Next Article in Journal
DNS-BC: Fast, Reliable and Secure Domain Name System Caching System Based on a Consortium Blockchain
Previous Article in Journal
Low-Complexity Joint Angle of Arrival and Time of Arrival Estimation of Multipath Signal in UWB System
 
 
Article
Peer-Review Record

Improving Small-Scale Human Action Recognition Performance Using a 3D Heatmap Volume

Sensors 2023, 23(14), 6364; https://doi.org/10.3390/s23146364
by Lin Yuan *, Zhen He, Qiang Wang, Leiyang Xu and Xiang Ma
Reviewer 1:
Reviewer 2:
Reviewer 3:
Reviewer 4: Anonymous
Sensors 2023, 23(14), 6364; https://doi.org/10.3390/s23146364
Submission received: 11 May 2023 / Revised: 18 June 2023 / Accepted: 10 July 2023 / Published: 13 July 2023

Round 1

Reviewer 1 Report

This paper presents a model pipeline designed for recognizing small-scale fine-grained actions, which has certain theoretical significance and practical value. The detailed comments are as follows. Please consider them for further revision.

1、 On page 9, the parameters xrot, xori, xshr of Formula (1) and Formula (2) need to be introduced.

2、 On page 17, Table 2, for Grid Search in Linear Evaluation Protocol, please explain why 30, 3, 1, 0.4, 0.1, and 0.01 are selected as the initial learning rate instead of other values. In addition, for Grid Search in Fine-tune Evaluation, is it possible to use values such as 0.001, and 0.0001 for the initial learning rate? Please explain and add experiments if necessary.

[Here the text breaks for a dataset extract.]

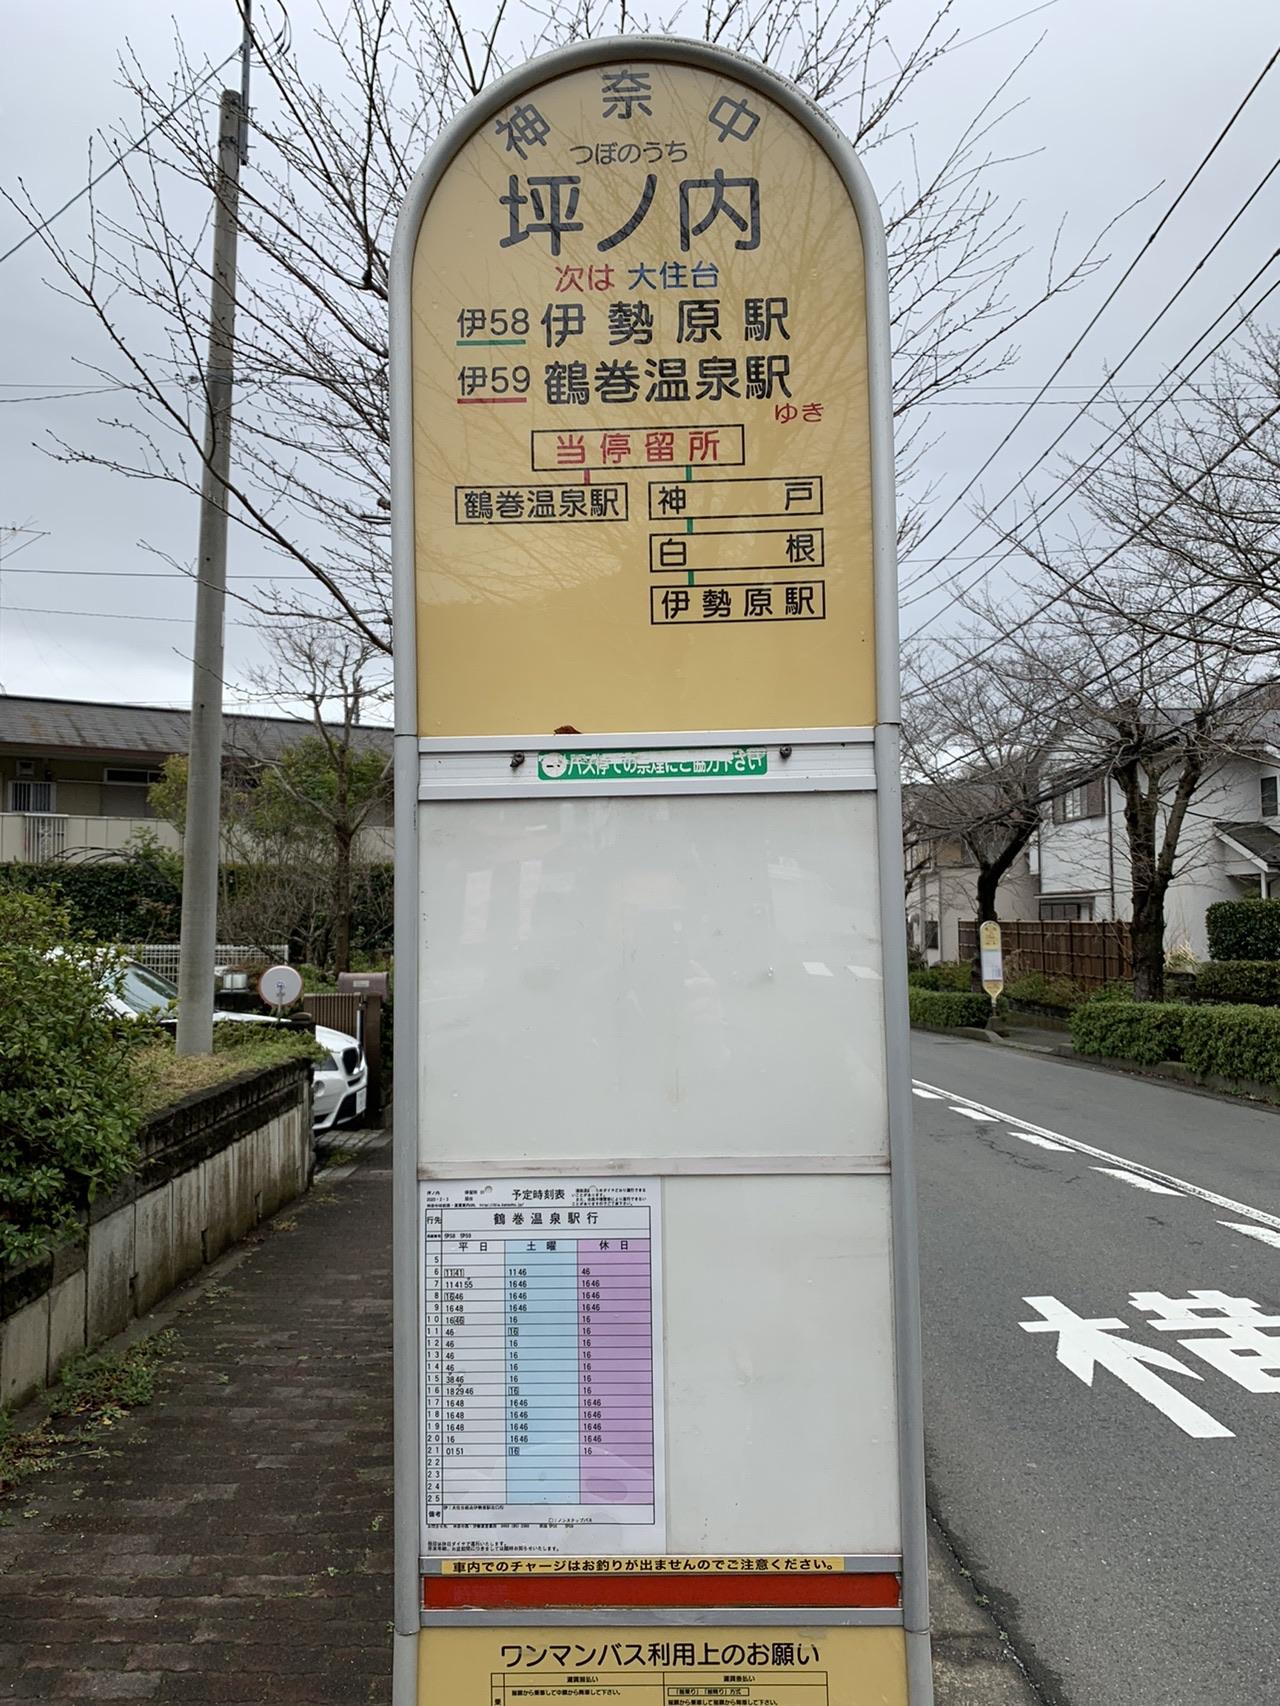 https://cdn.yamap.co.jp/public/image2.yamap.co.jp/production/213d42fbb907494faa3e485b136651dd
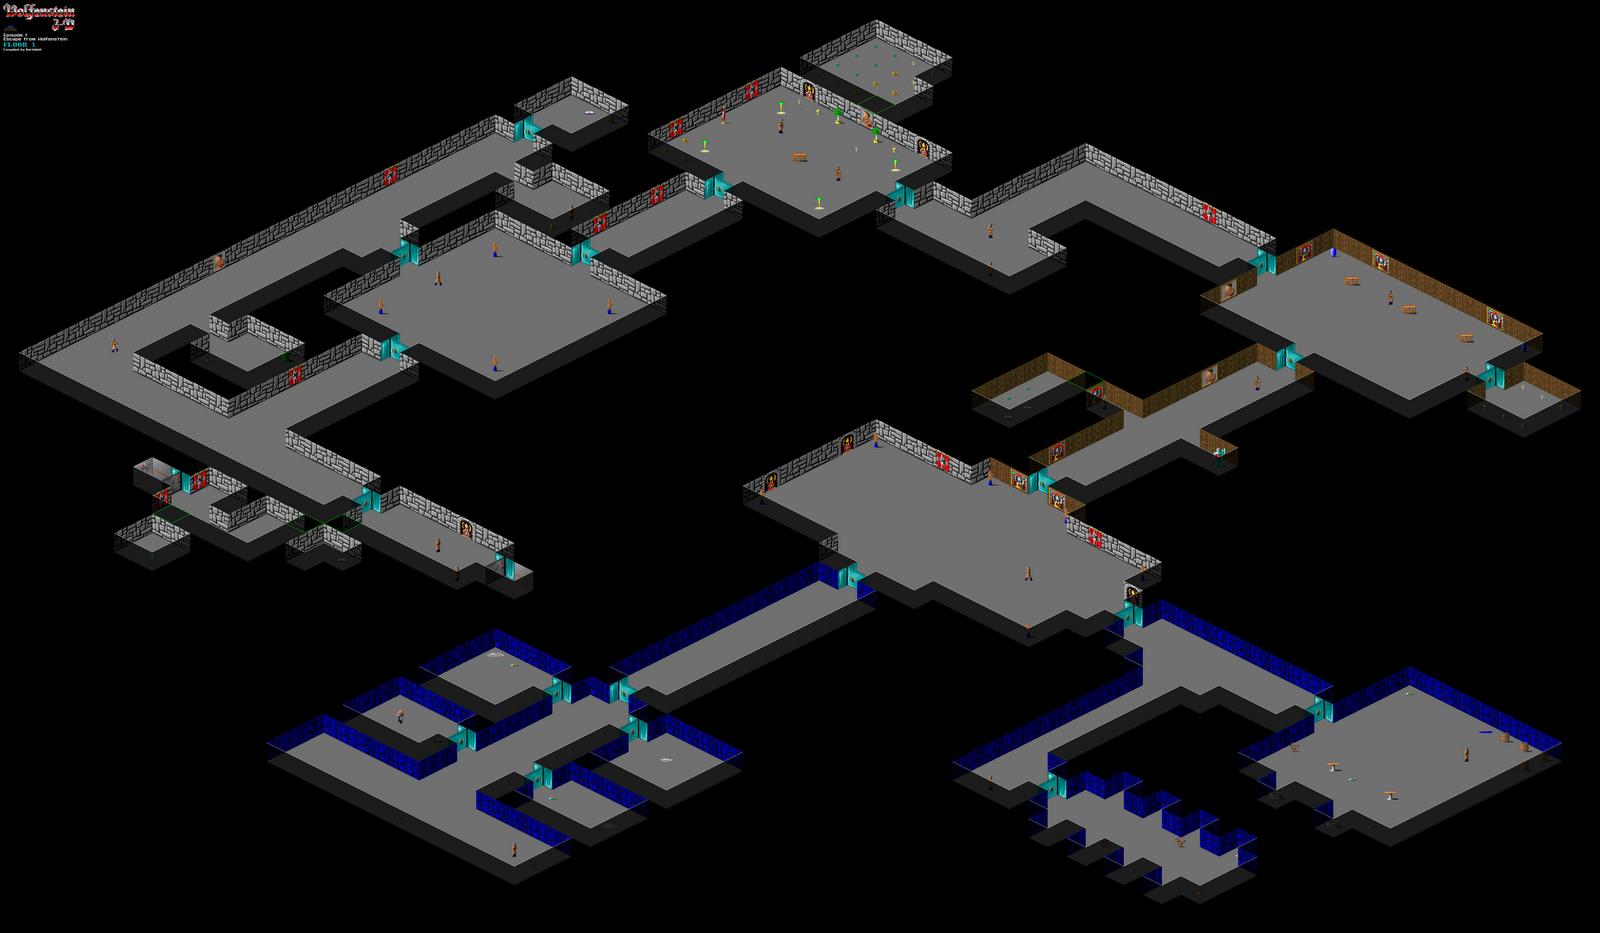 The wolfenstein 3d blog may 2011 for Floor 2 map swordburst 2

3、 On page 23, Figure 14 only lists the confusion matrix of the proposed model SSCLS, and it is suggested to add the confusion matrix of the three methods ST-GCN, MMT(skeleton), and MMT(fuse) in Table 9 for comparison, which is more convincing for the paper.

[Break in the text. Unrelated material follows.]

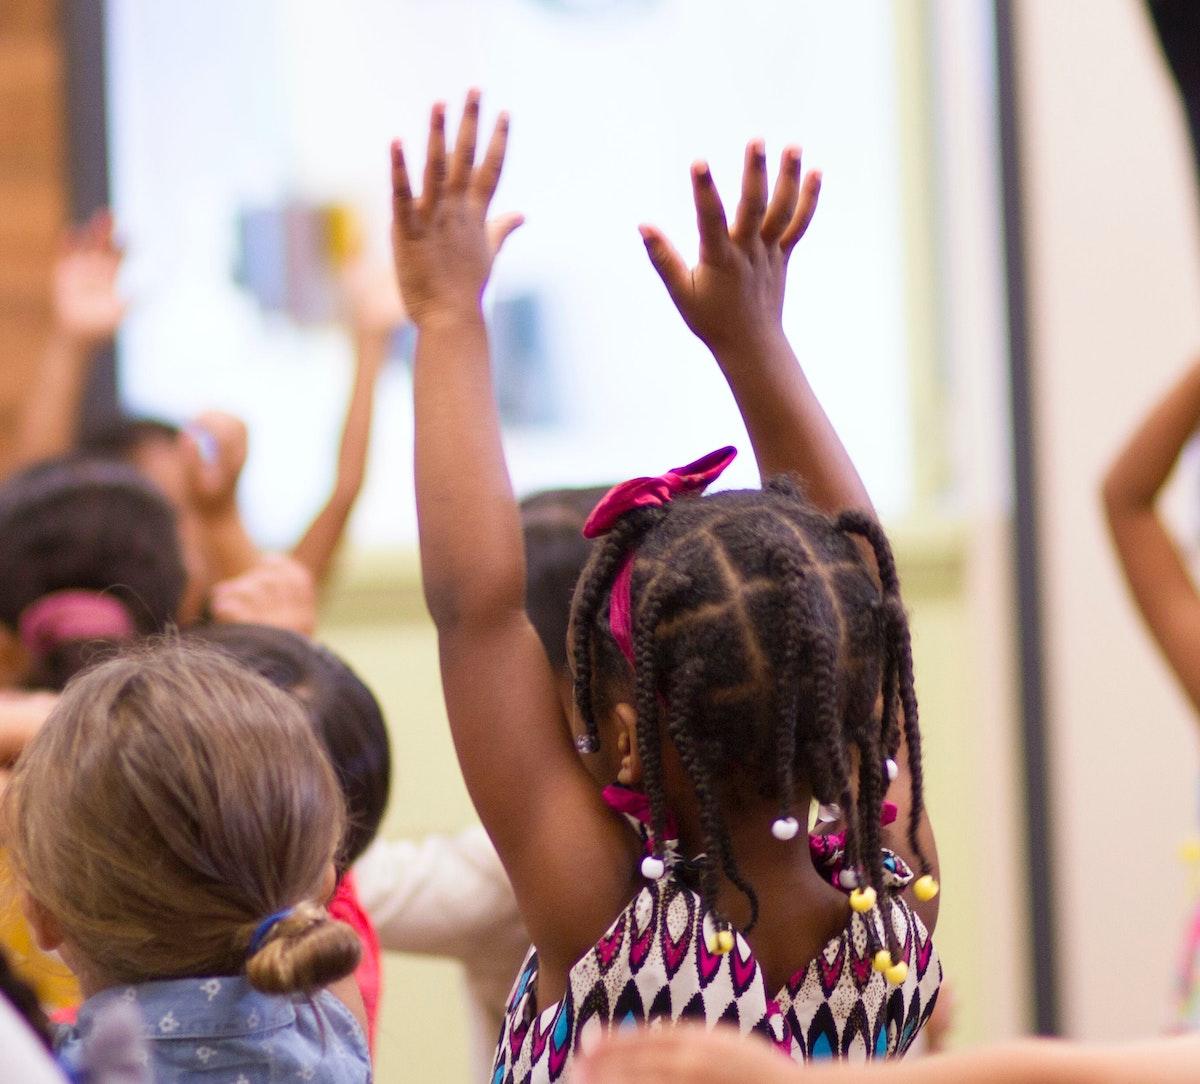 Do My Kids Belong in Big Church Yet?

4、 The English language of the manuscript should be improved.

This paper presents a model pipeline designed for recognizing small-scale fine-grained actions, which has certain theoretical significance and practical value. The detailed comments are as follows. Please consider them for further revision.

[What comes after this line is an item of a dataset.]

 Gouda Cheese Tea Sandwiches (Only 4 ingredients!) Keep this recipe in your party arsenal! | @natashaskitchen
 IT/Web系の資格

1、 On page 9, the parameters xrot, xori, xshr of Formula (1) and Formula (2) need to be introduced.

2、 On page 17, Table 2, for Grid Search in Linear Evaluation Protocol, please explain why 30, 3, 1, 0.4, 0.1, and 0.01 are selected as the initial learning rate instead of other values. In addition, for Grid Search in Fine-tune Evaluation, is it possible to use values such as 0.001, and 0.0001 for the initial learning rate? Please explain and add experiments if necessary.

3、 On page 23, Figure 14 only lists the confusion matrix of the proposed model SSCLS, and it is suggested to add the confusion matrix of the three methods ST-GCN, MMT(skeleton), and MMT(fuse) in Table 9 for comparison, which is more convincing for the paper.

4、 The English language of the manuscript should be improved.

Author Response

Please see the attachment.

Author Response File: Author Response.pdf

Reviewer 2 Report

Major comments:

1.         The authors state that the ResNet2 block have been removed from the feature extraction pipeline. Is that discussed? If yes, please supplement the reason, it is better if the author can give any experimental validation.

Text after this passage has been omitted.